Our first analysis of the relationship between ACO size and success probability did not show an association between person years and whether an ACO with sufficient quality scores earned shared savings or not. Stated another way, there was not evidence of a systematic relationship between an ACO’s size and whether that ACO saved relative to CMS’s expenditure benchmark. We were a little surprised by this fact, as we hypothesized that economies of scale could drive savings. This led us to wonder whether CMS’s expenditure benchmarks are “fair”. CMS has used risk adjusted benchmarks to ensure that ACOs do not win or lose as a function of the baseline population health of their beneficiaries. This suggests that “fairness” is inversely proportional to the strength of association between an ACO’s expenditure benchmark set by CMS and the probability that ACO was in the Achieving group instead of the Q+S- group. We used logistic regression to determine whether such an association existed, and if so how strong the association was. The Q- group was omitted in this analysis as Q- ACO’s were not eligible for achieved savings regardless of expenditures. We found a strong association between an ACO’s per-person year expenditure benchmark and whether the ACO achieved savings (p=0.003). For each $1,000 increase in the ACO’s per-person expenditure benchmark, the odds of achieving savings were 15% higher. Model coefficients and model statistics are included in the appendix for the interested reader. Figure 2 illustrates the relationship between per-person year benchmark expenditures and group membership (Achieving vs. Q+S-). While the association is strong in a statistical sense, this association does not equate to causality. One may argue that a third variable that we have not considered has a confounding effect on both ACO group membership and the per-person expenditure benchmark.

*Figure 2: Left—the observed distribution of ACOs plotted by Benchmark ($)/person years. Right—the predicted probability of ACO group membership as a function of benchmark. *

In addition to examining size and expenditure benchmark, we evaluated some of the other demographic factors for which data is available: race, proportion of members with disabilities, and proportion of members with end stage renal disease (ESRD). All four of these demographic factors were found to discriminate between the Q- group and both the Achieving and Q+S- groups.
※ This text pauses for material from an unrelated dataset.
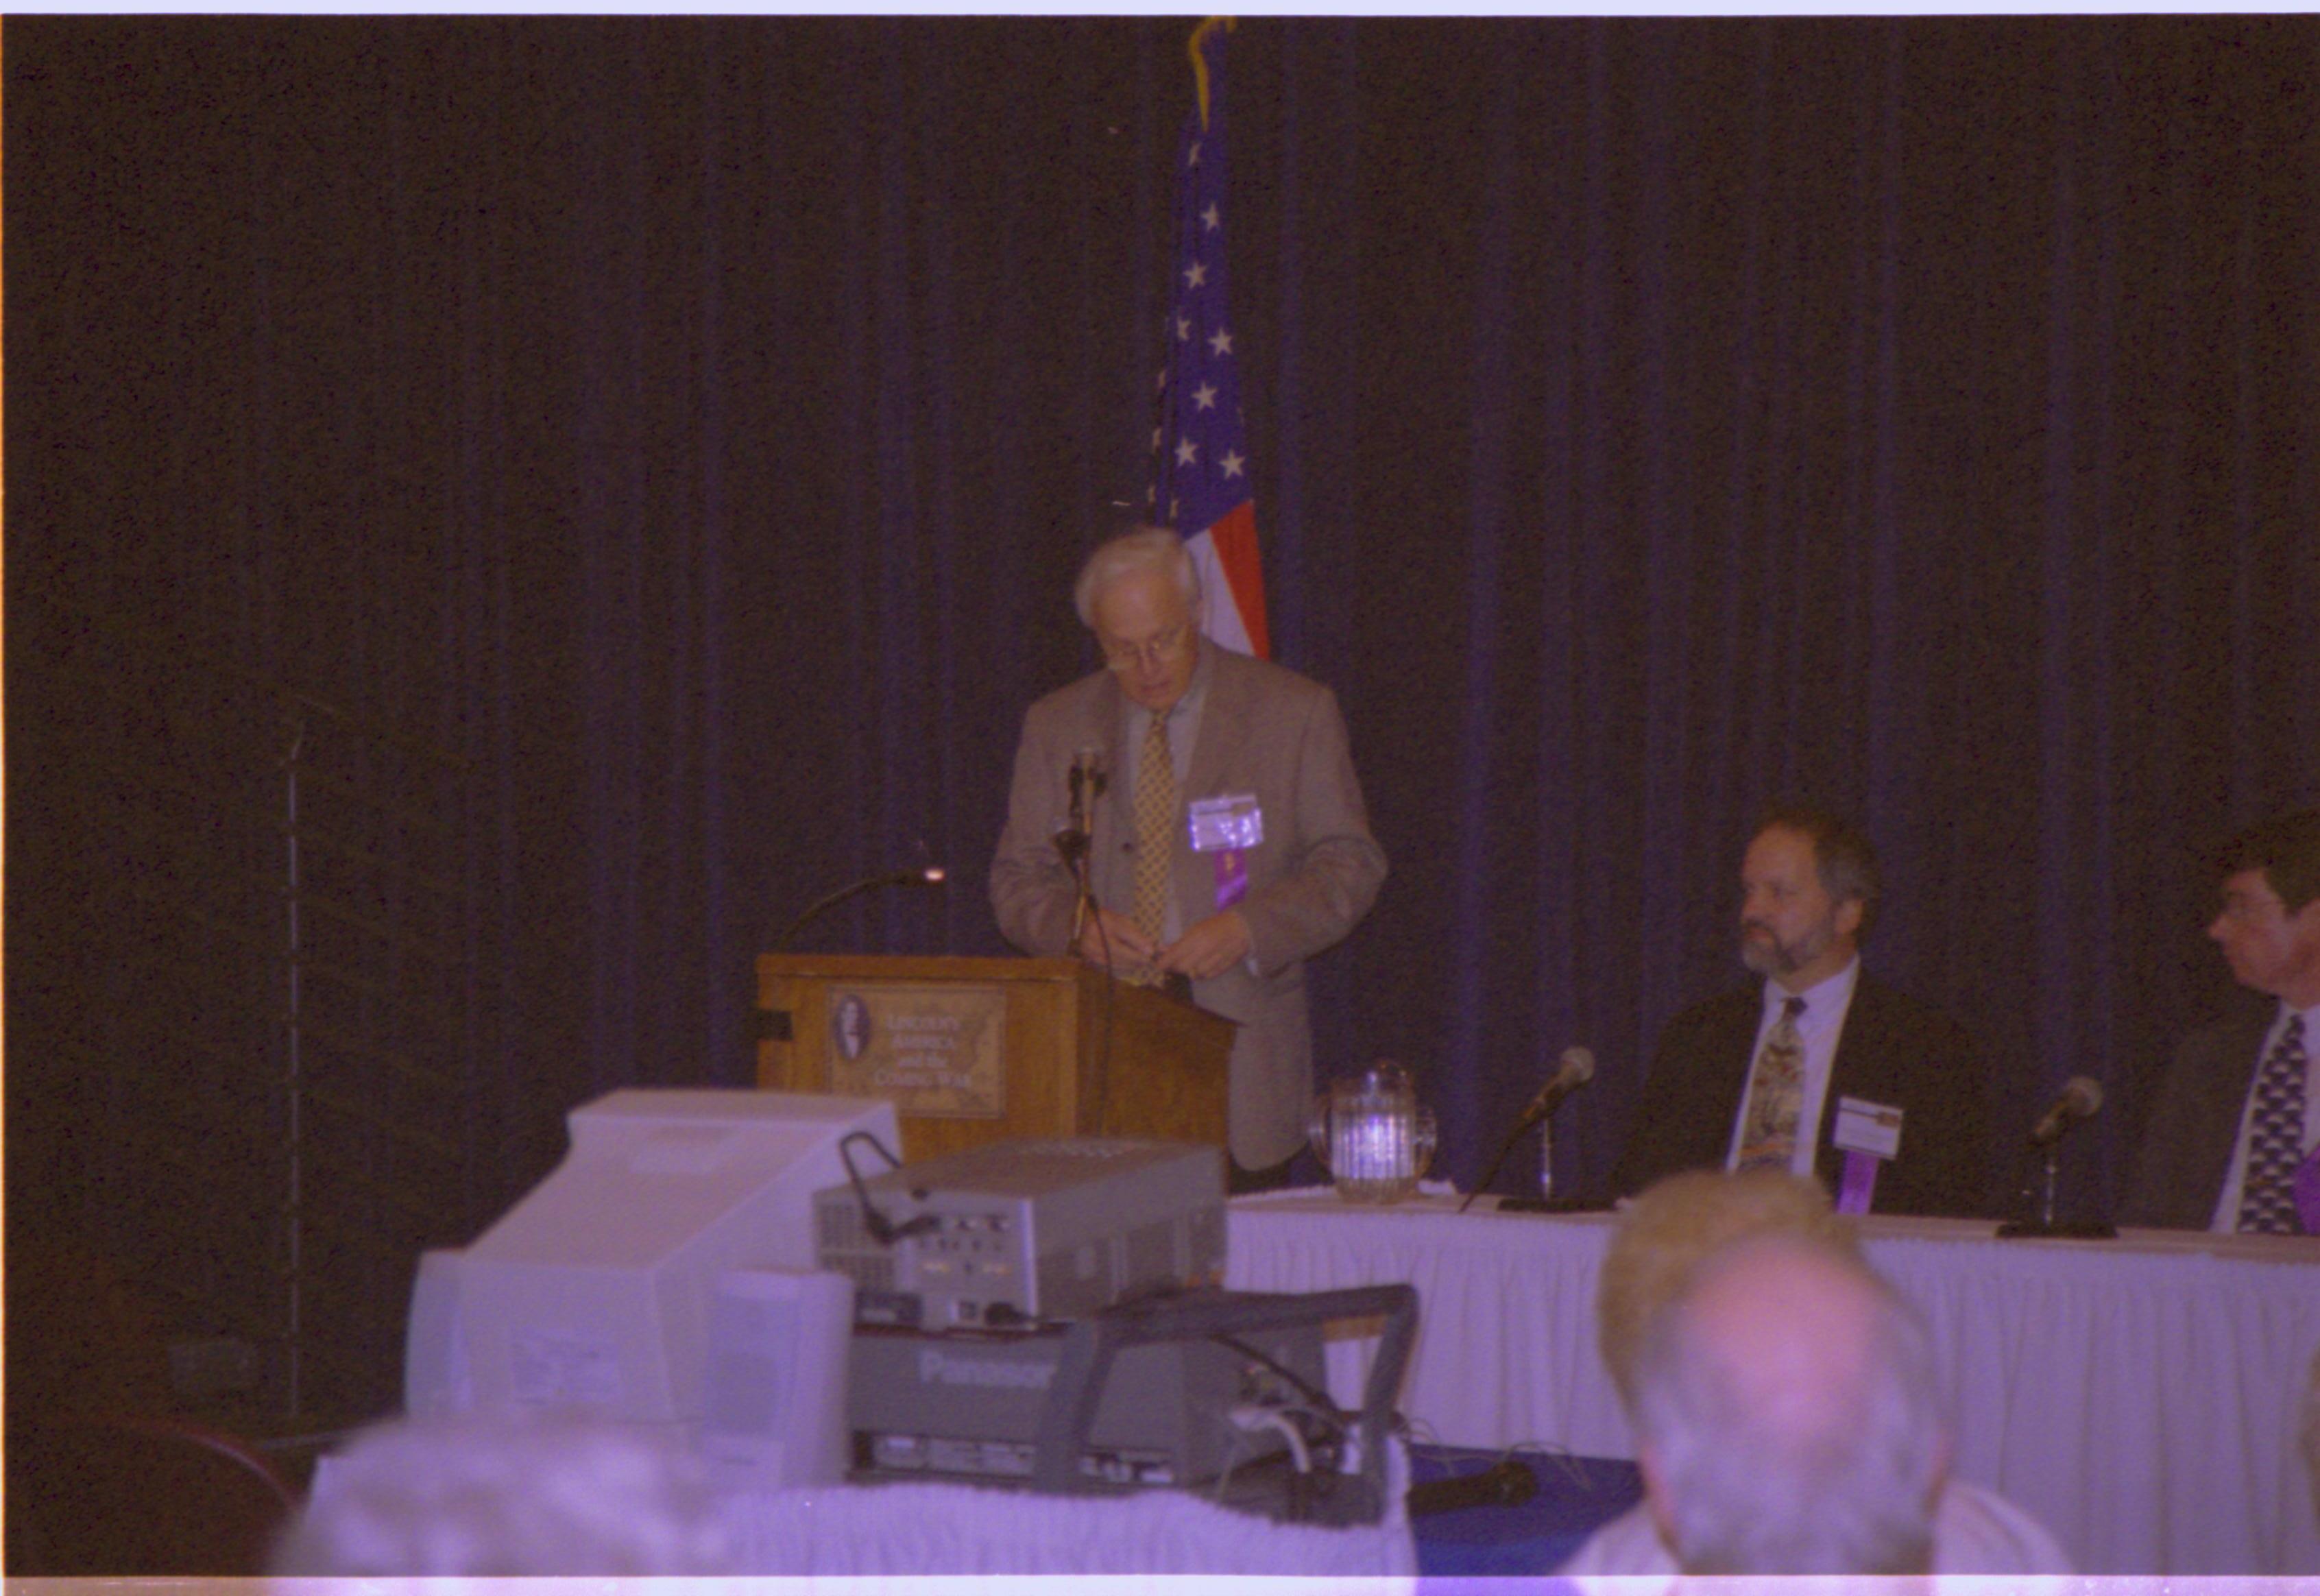 Speaker at podium (yellow tie). Colloquium, 2001

For race, each two fold increase in the proportion of members of non-Caucasian race predicted 2.42 times greater odds of an ACO not meeting its quality score benchmark relative to the achieving group. This trend is illustrated in Figure 3, which shows the proportion of Caucasian members by group.

*Figure 3: Proportion of Caucasian Members by ACO Group*

The finding that race is a predictor of an ACO meeting clinical quality score thresholds is consistent with other literature showing that non-Caucasian race predicts worse health outcomes. Proportion of members with a disability and proportion of members with end stage renal disease similarly increased the odds of not meeting quality score benchmark by 3.89 and 3.30 times relative to the achieving group, respectively. The relationship between the proportion of disabled members and ACO quality performance may suggest that member disabilities present significant challenges for ACOs in performing well in quality score domains such as “Care Coordination” and “Preventive Health”. The relationship between ESRD proportion and ACO group is informative as ESRD members are characteristically different than ACO members with traditional Medicare. Individuals with ESRD are eligible for Medicare regardless of age due to the severity of their disease and thus represent a distinct subpopulation of Medicare beneficiaries. While demographic factors explored were associated ACO quality performance, they did not differentiated between the two groups for which quality scores were sufficient to achieve savings.